Kazakhstan: Revised data confirm economic deterioration in Q1
June 30, 2016
A sharp plunge in oil and gas prices, along with Russia’s protracted recession weighed heavily on the economy. Revised data confirmed that Kazakhstan’s GDP contracted 0.2% over the same period last year, which represented the economy’s first contraction since 2009. Kazakhstan’s GDP growth, which is reported on a cumulative basis, began to decelerate sharply in Q1 2015.
A more complete set of data for the economic sectors showed that a further contraction in the industrial sector and in services, were the main drivers behind Q1’s deterioration in Kazakhstan’s economy. Industry began to contract since the second half of 2015 and weakness carried over into the first three months of this year as the secondary sector contracted 0.8% on an annual basis. Meanwhile, ballooning inflation and weak domestic demand prompted services to deteriorate toward the end of 2015 and the sector continued to contract in the first quarter (Q1: -0.2% year-on-year). A silver lining to the strong drops observed in other sectors was an expansion in agriculture, which grew 2.9% year-on-year. Moreover, growth in the construction sector maintained a robust pace at the outset of the year.

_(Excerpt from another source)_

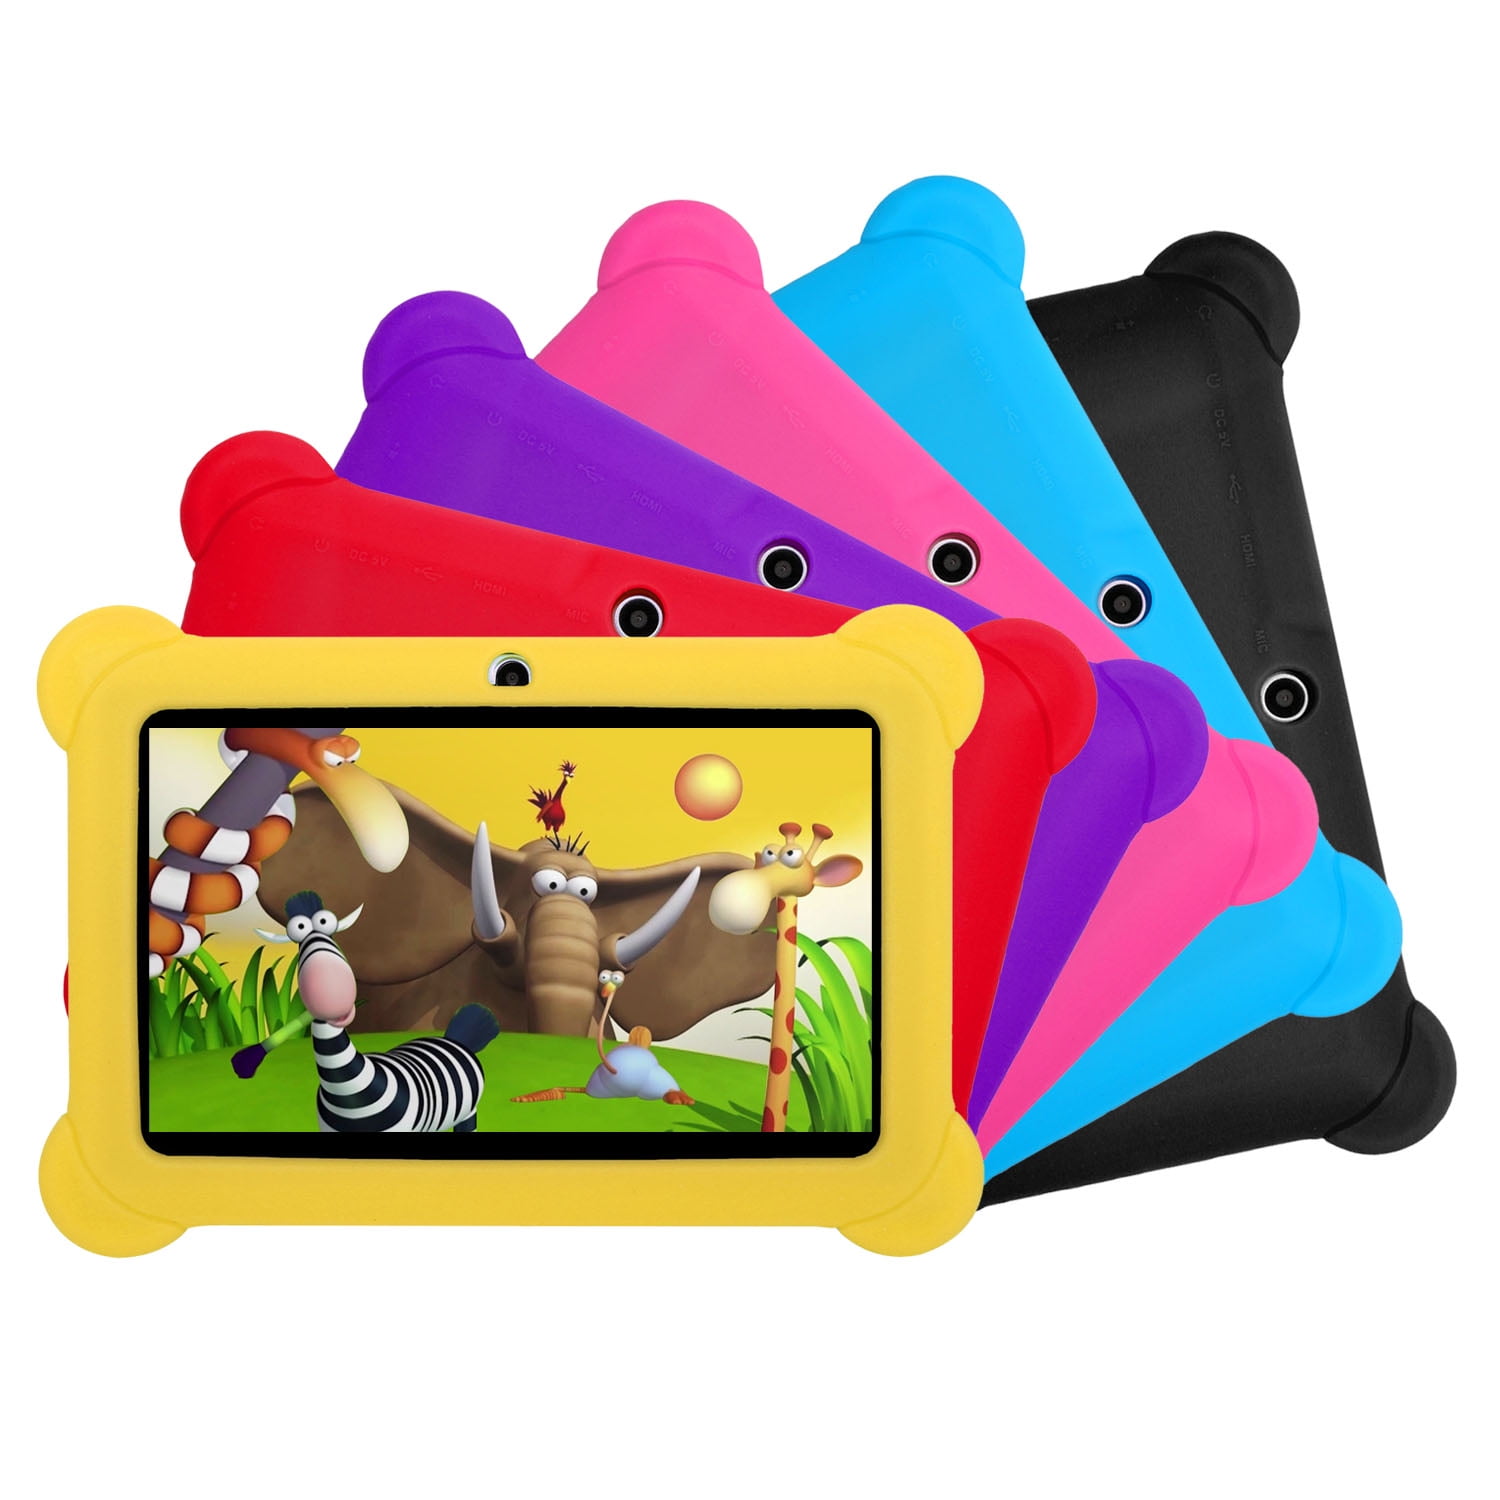 KOCASO DX758 7-Inch Quad-Core Android Kids Tablet - Black - Walmart.com

The current slack in economic activity, along with prospects of a protracted recession in Russia and low commodities prices—particularly in oil and base metals—prompted the government to reduce its growth forecast for 2016. The government expects the economy to expand 0.5% in 2016, which was notably revised down over a previous 2.1% projection. Kazakh officials stated that the main factor behind the cut is the oil price. Previously, the government had based its budget on an annual average oil price of USD 40 per barrel. In its adjusted budget for this year, the government now predicts an average oil price of USD 30 per barrel.